A Year of Dance: 1726

Following my recent detailed analysis of the 1725-1726 theatrical season on the London stage, I thought I should return to my A Year of Dance series and add 1726. (I wrote about 1725 quite some time ago). Politically, this seems to have been a quieter year than 1725.

In France in June, Louis XV appointed his old tutor André-Hercule de Fleury as his chief minister. Fleury was created a cardinal in September 1726. The previous spring, the poet and writer Voltaire had arrived in England for two years of exile from France following a second period of imprisonment in the Bastille. He quickly learned English, honing his language skills by regular visits to London’s theatres.
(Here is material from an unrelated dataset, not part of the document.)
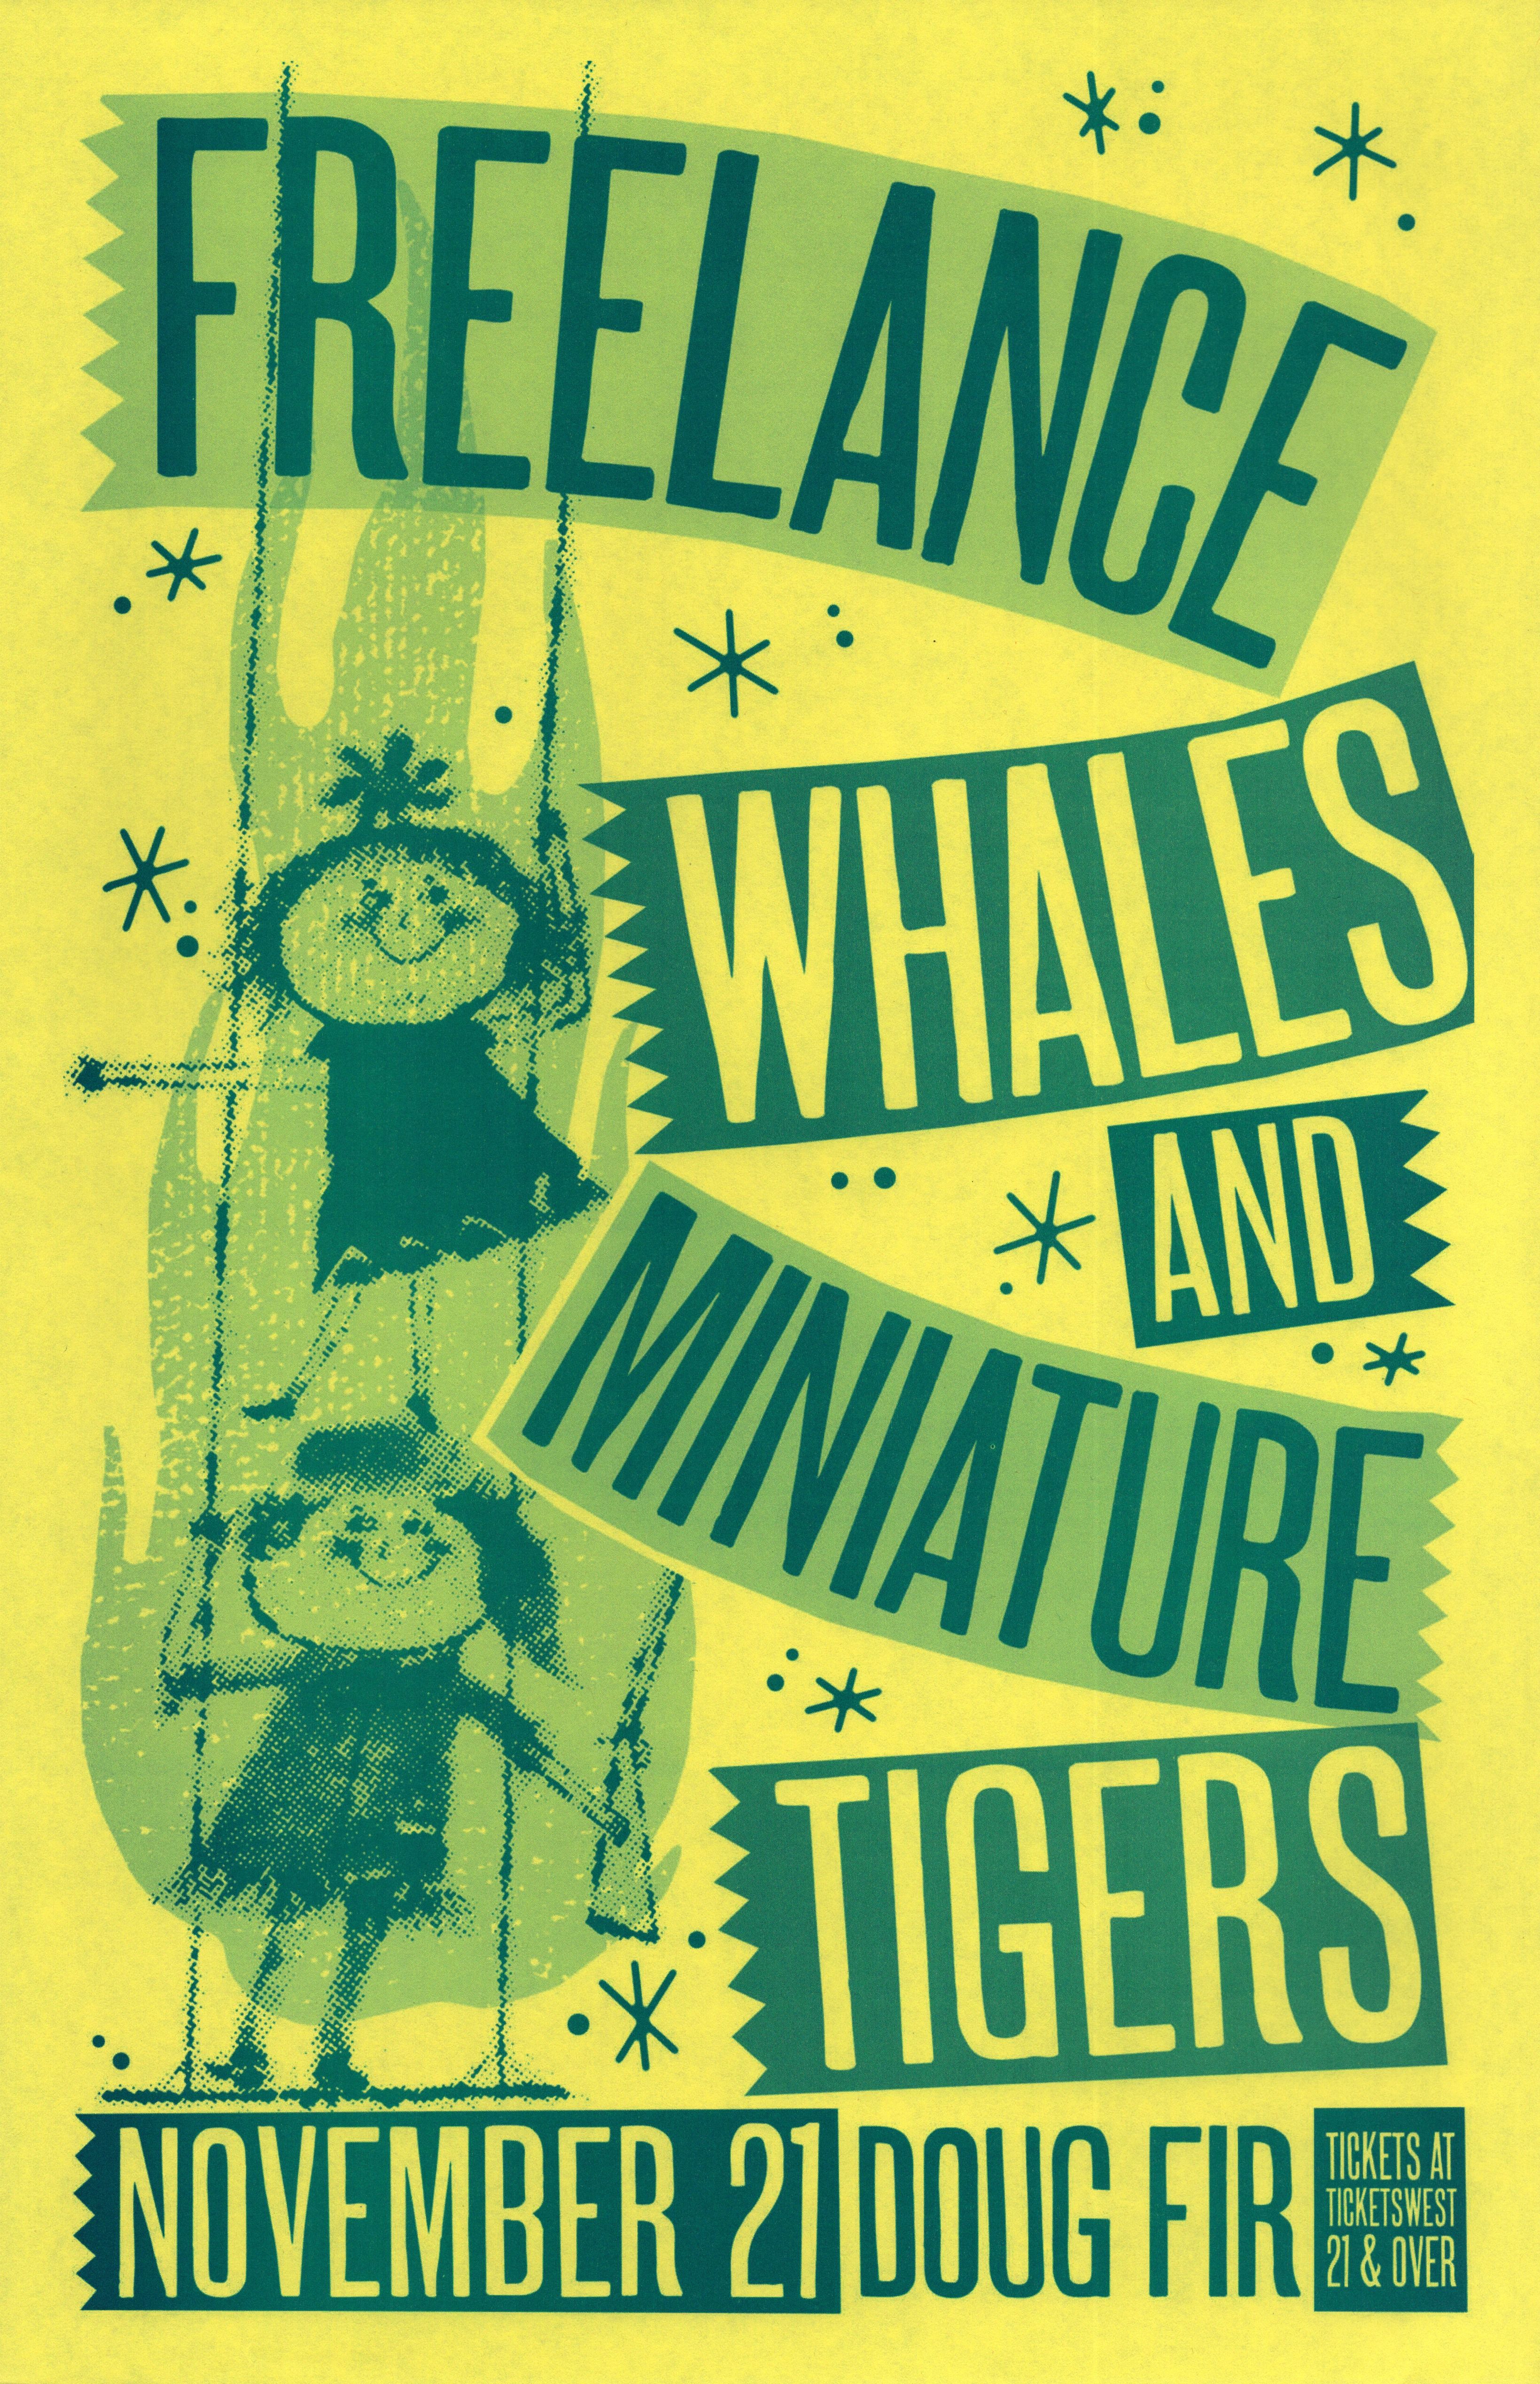 MXP-150.13 Freelance Whales 2010 Doug Fir  Nov 21 Concert Poster

During his stay he was to meet Alexander Pope, John Gay and Jonathan Swift, among others.

In England, 1726 was marked by the death of the architect and dramatist Sir John Vanbrugh on 26 March, followed by that of the scourge of London’s theatres Jeremy Collier on 26 April, whose A Short View of the Immorality and Profaneness of the English Stage published in 1698 had attacked Vanbrugh among other leading playwrights. Towards the end of the year, George I’s former wife Sophia Dorothea of Celle died. Their marriage had been dissolved following her adultery in 1694 and she had been imprisoned in her native Celle for more than twenty years. 1726 also saw the publication of Swift’s Gulliver’s Travels (‘Lilliputians’ would in due course become a popular feature on the London stage), as well as the ‘rabbit’ hoax by Mary Toft which fascinated and bamboozled many over the autumn.

In the wider context for these posts, the most significant theatrical event of 1726 in London was the new pantomime at Lincoln’s Inn Fields, Apollo and Daphne given on 14 January, which brought Francis and Marie Sallé back to the London stage after an absence of several years and reintroduced them to audiences as adult dancers. It answered Drury Lane’s 1725 Apollo and Daphne pantomime, which was revised and revived in reply. This small painting by the Italian artist Michele Rocca probably dates to the early 18th century.

There was also Italian opera at the King’s Theatre, with two new operas by Handel – Scipione on 12 March and Alessandro on 5 May. The Italian soprano Faustina Bordoni made her debut as Rossane in Alessandro, with Francesca Cuzzoni as Lisaura and Senesino in the title role.

In Paris, Destouches’s opéra-ballet Les Stratagèmes de l’Amour (composed to celebrate the marriage of Louis XV and Marie Leszczyńska the previous year) was given at the Paris Opéra on 28 March. The dancers included Françoise Prévost and David Dumoulin – she led the Troyennes in the first divertissement in Entrée I, while he led the Matelots in the second divertissement, and they danced together as Esclaves (with sixteen other dancers) in Entrée III. Rebel’s tragédie en musique Pyrame et Thisbé had its first performance on 17 October. David Dumoulin and Mlle Prévost also danced in this production, leading the Egyptiens (with Blondy) in act two and the Bergers and Bergères in act three.

No dances were published in notation this year. The last of the Paris collections had appeared in 1725, while in England the series of new dances ‘For the Year’ by Anthony L’Abbé had already ceased to be annual. It would resume in 1727 and continue, with occasional gaps, until 1733.